Addressing obstacles

Tim Atkins, a member of an NPCIS working group, said the IT sector has been moving very aggressively. Any perceived slowness is due to a genuine desire by industry to protect proprietary and sensitive information on behalf of their companies, their shareholders and their clients, said Atkins, who is director of critical infrastructure protection at consulting firm SRA International in Fairfax, Va.

Thomas R. Horton, chairman of the National Association of Corporate Directors and a participant in several recent critical-infrastructure protection summit meetings, said corporate concerns regarding shareholder value and increased competition may be getting in the way of security progress at some banks, airlines and telecommunications companies.

Despite the banking industry's perceived success in the area of security, a recent spate of money laundering schemes in the banking industry, including a $1.4 billion scam against Citigroup and Commercial Bank of San Francisco that lasted nine years, raises serious questions about the status of security in the industry, said Horton.

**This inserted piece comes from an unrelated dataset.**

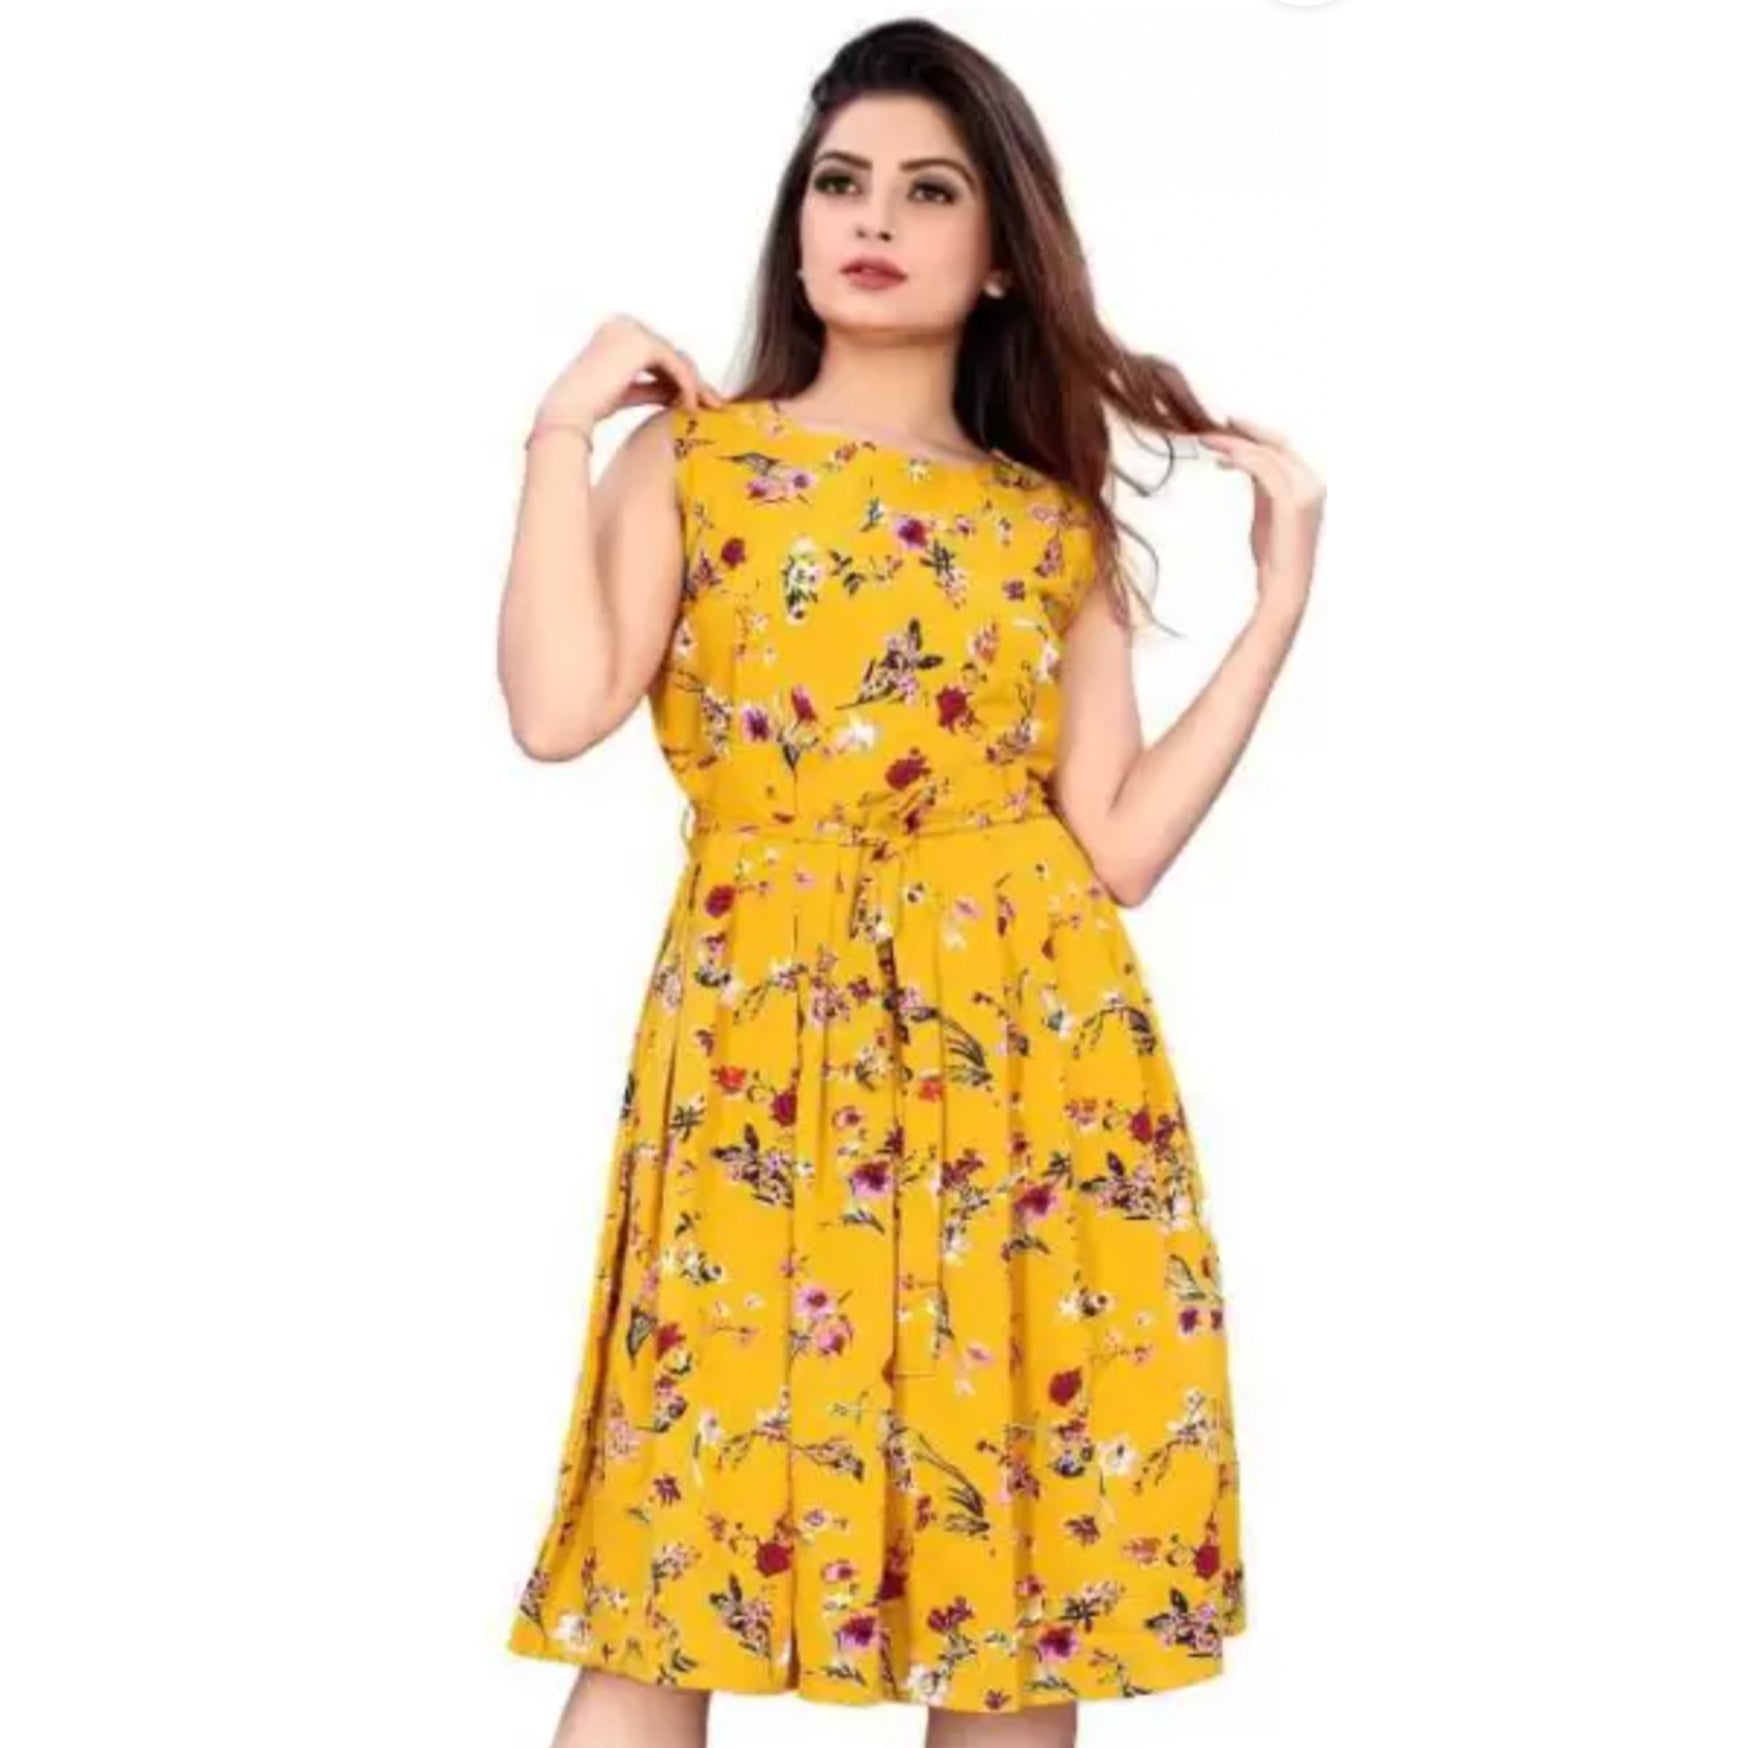 Jiya sarees women fit and flare yellow dress

Likewise, the airline and telecommunications sectors have come "under siege" as a result of deregulation and the current climate of mergers and acquisitions, said Horton. A senior White House official said years of a "systematic underinvestment in [electric power] grid capacity," combined with the effects of wholesale deregulation, has created a "potentially perilous [security] situation."

But two CIOs from the natural gas and electric industries said that security protections against cyberattacks in their industries are being addressed constantly, although the national effort lacks a useful gauge for how much security is enough.

"If you don't have any attacks, it's easy to let the program slip," said Jon Arnold, CIO at the Edison Electric Institute in Washington, a trade association that represents 100 investor-owned electric utilities.

What's it all for?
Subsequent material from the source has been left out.